The People Behind the Machine

The project was spearheaded by Hugging Face co-founder Thomas Wolf, who aimed to prove that a small team could train a world-class multilingual model and openly release it. The engineering success rested on contributions from:

Hugging Face BigScience team – dedicated half a dozen full-time staff to orchestrate training and infrastructure.
Microsoft DeepSpeed team – integrated DeepSpeed with Megatron-LM and provided hands-on support.
NVIDIA Megatron-LM team – developed the Megatron-LM framework and offered expert guidance.
IDRIS / GENCI team – donated compute on the Jean Zay supercomputer and provided system administration.
PyTorch team – fixed bugs and improved components critical to training.
BigScience Engineering volunteers – contributed countless hours.

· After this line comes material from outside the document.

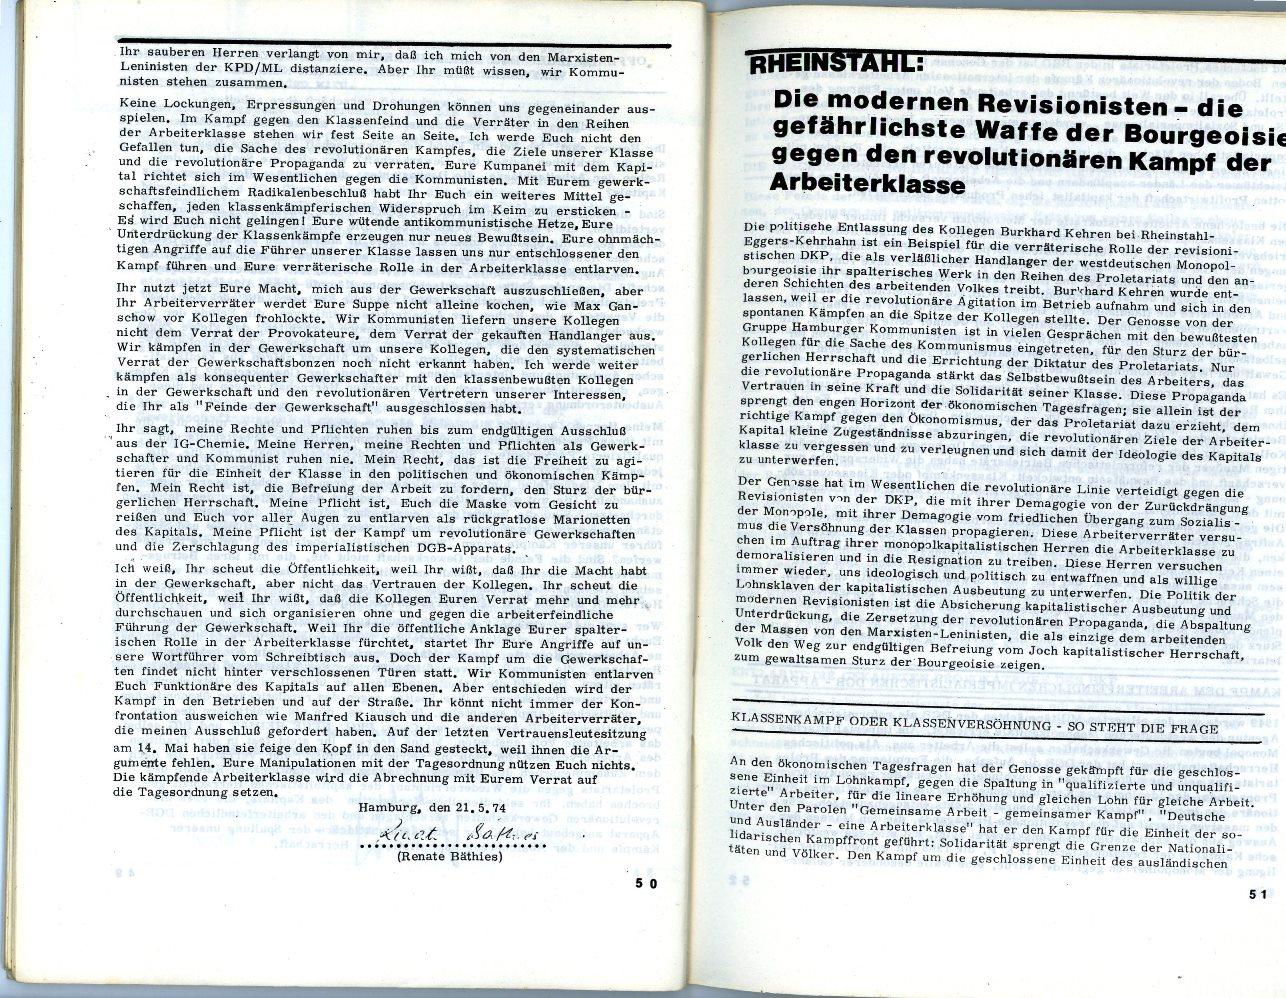 Hamburg_RH_1974_Politische_Entlassungen_27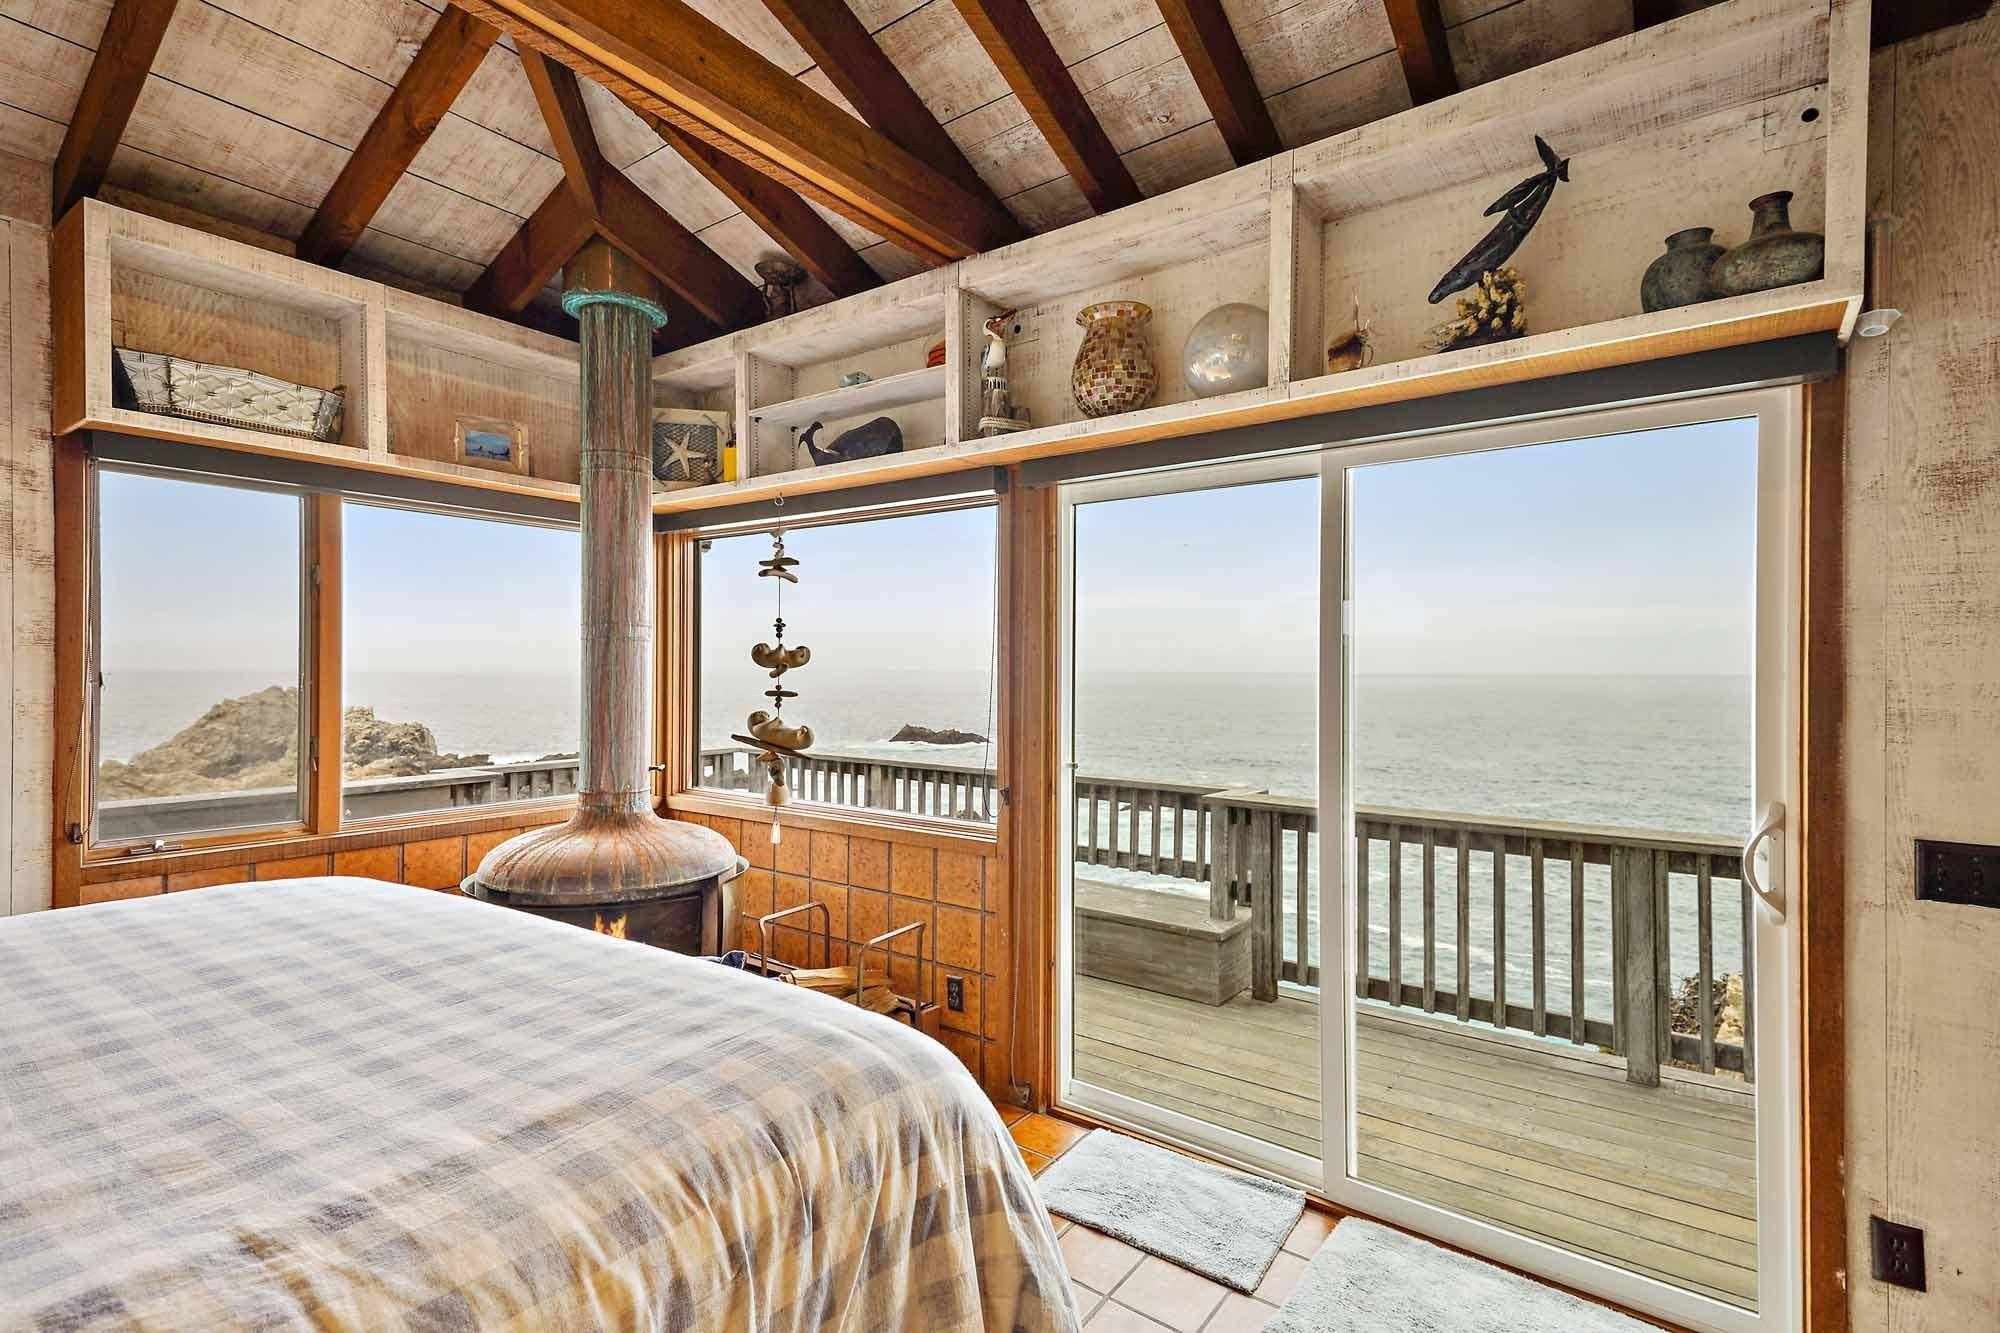 Gästehaus Klippenhaus in der Stadt Carmel in Kalifornien

Key individual contributors include Olatunji Ruwase, Deepak Narayanan, Jeff Rasley, Jared Casper, Samyam Rajbhandari, and Rémi Lacroix.

Hardware Setup

The model was trained on the Jean Zay supercomputer (France), using:

GPUs: 384 NVIDIA A100 80GB (48 nodes) with 32 spare GPUs
Node: 8 GPUs per node, NVLink 4 inter-GPU, 4 OmniPath links
CPU: AMD EPYC 7543 32-core
Memory: 512GB CPU RAM, 640GB GPU RAM per node
Interconnect: Omni-Path Architecture (non-blocking fat tree)
NCCL network: fully dedicated subnet for GPU communication
Storage: GPFS shared with other users

Checkpoints were massive—each bfloat16+fp32 optimizer checkpoint was 2.3TB, and the bf16 weights alone occupied 329GB.

Dataset

BLOOM was trained on The BigScience Corpus, a 1.6TB composite multilingual dataset. After deduplication and cleaning, it compressed to 350 billion unique tokens spanning 46 languages. The model's vocabulary size is 250,680 tokens.

The Engine: Megatron-DeepSpeed

The training stack combined two powerhouse libraries:

DeepSpeed: optimization library from Microsoft, providing ZeRO data parallelism and pipeline parallelism.
Megatron-LM: NVIDIA’s large transformer framework, contributing tensor parallelism, fused CUDA kernels, and the data loader.

This union enabled 3D parallelism:

Data Parallelism (DP): Replicate the model on multiple GPUs, each processing a different slice of data, synchronizing gradients after each step.
Tensor Parallelism (TP): Split tensors across GPUs; each shard processes independently, then results are merged.
Pipeline Parallelism (PP): Layer groups are distributed across GPUs; each GPU handles a segment of the model, processing micro-batches in a pipeline.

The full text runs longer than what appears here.